Personal information
- Born: May 29, 1953 (age 72) Worcester, Massachusetts, U.S.
- Listed height: 5 ft 5 in (1.65 m)
- Women's Basketball Hall of Fame

= Susan Rojcewicz =

American basketball player

Susan Marie Rojcewicz (born May 29, 1953) is an American former basketball player who competed in the 1976 Summer Olympics. She was born in Worcester, Massachusetts. After culminating her college career at Southern Connecticut State University in 1975, Rojcewicz became a physical education instructor and assistant basketball coach at Penn State University. Rojcewicz was inducted into the Women's Basketball Hall of Fame in 2000. On June 26, 2025, she was inducted into the National Polish-American Sports Hall of Fame located in Troy, Michigan; Class of 2025.

She also coached the San Francisco Dons women's basketball team.

==USA Basketball==
In 1975, Rojcewicz was selected to represent the United States' national team in the FIBA World Championship for Women in Colombia and the Pan American Games in Mexico City, Mexico. She teamed up with high school star Nancy Lieberman and fellow college stars Ann Meyers and Pat Head. In the FIBA World Championship, the United States compiled a 4–3 record and finished in eighth place. Rojcewicz averaged 7.7 points per game. In the Pan American Games, the United States team went unbeaten in seven games to win the gold medal, their first win since 1963.
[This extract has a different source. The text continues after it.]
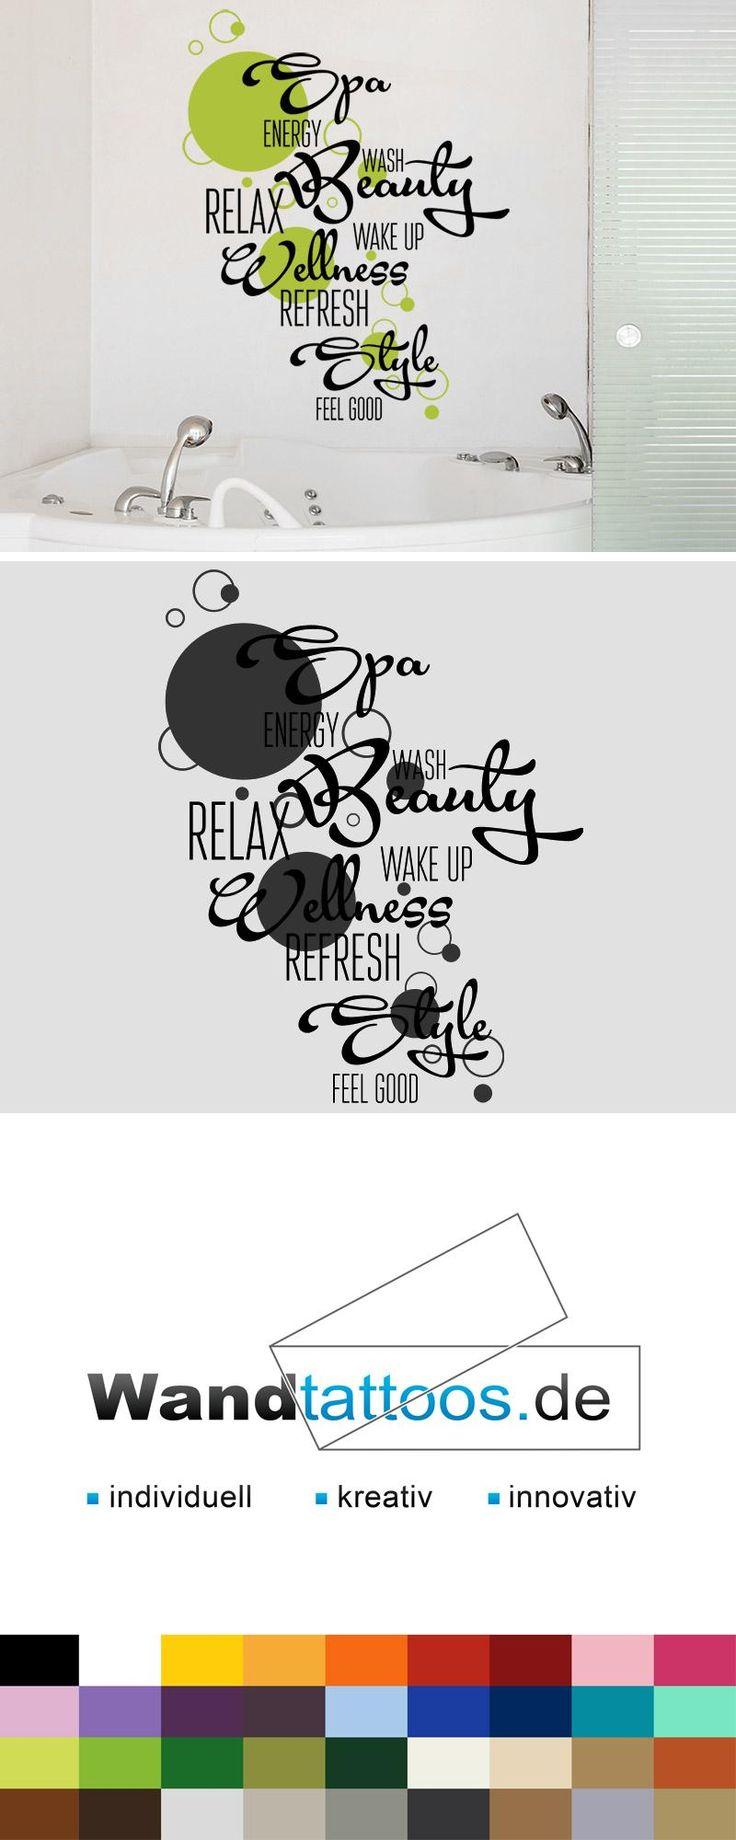 Wandtattoo Badezimmer Wortwolke als Idee zur individuellen Wandgestaltung. Einfach Lieblingsfarbe und Größe auswählen. Weitere kreative Anregungen von Wandtattoos.de hier entdecken!
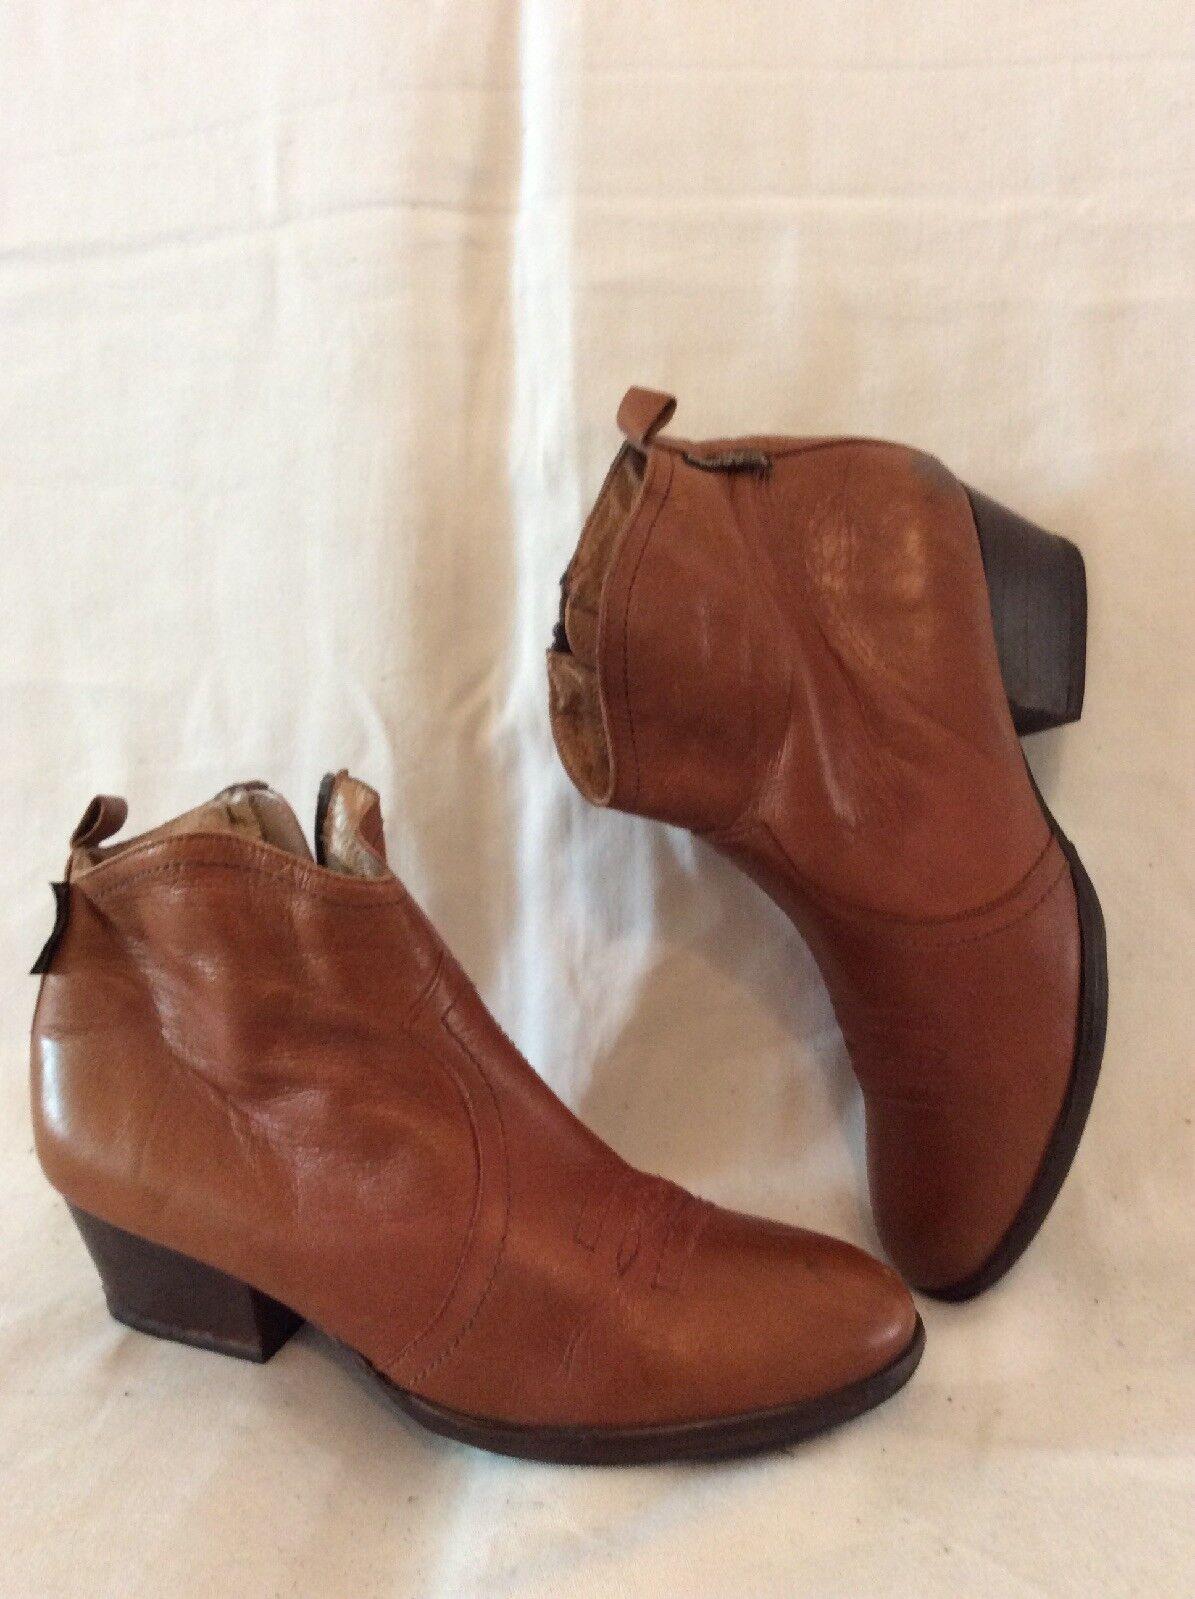 Russell & Bromley Marrón Marrón Marrón Tobillo botas De Cuero Talla 37  tienda en linea

Rojcewicz was named to the USA Basketball National Team to represent the US at the 1976 Olympics, the first year that women's basketball would be played at the Olympics. The USA team ended with a record of 3–2, losing to the eventual gold medal champion USSR in the semifinal game, and winning the final game against Czechoslovakia to take home the silver medal. Rojcewicz averaged 7.2 points per game.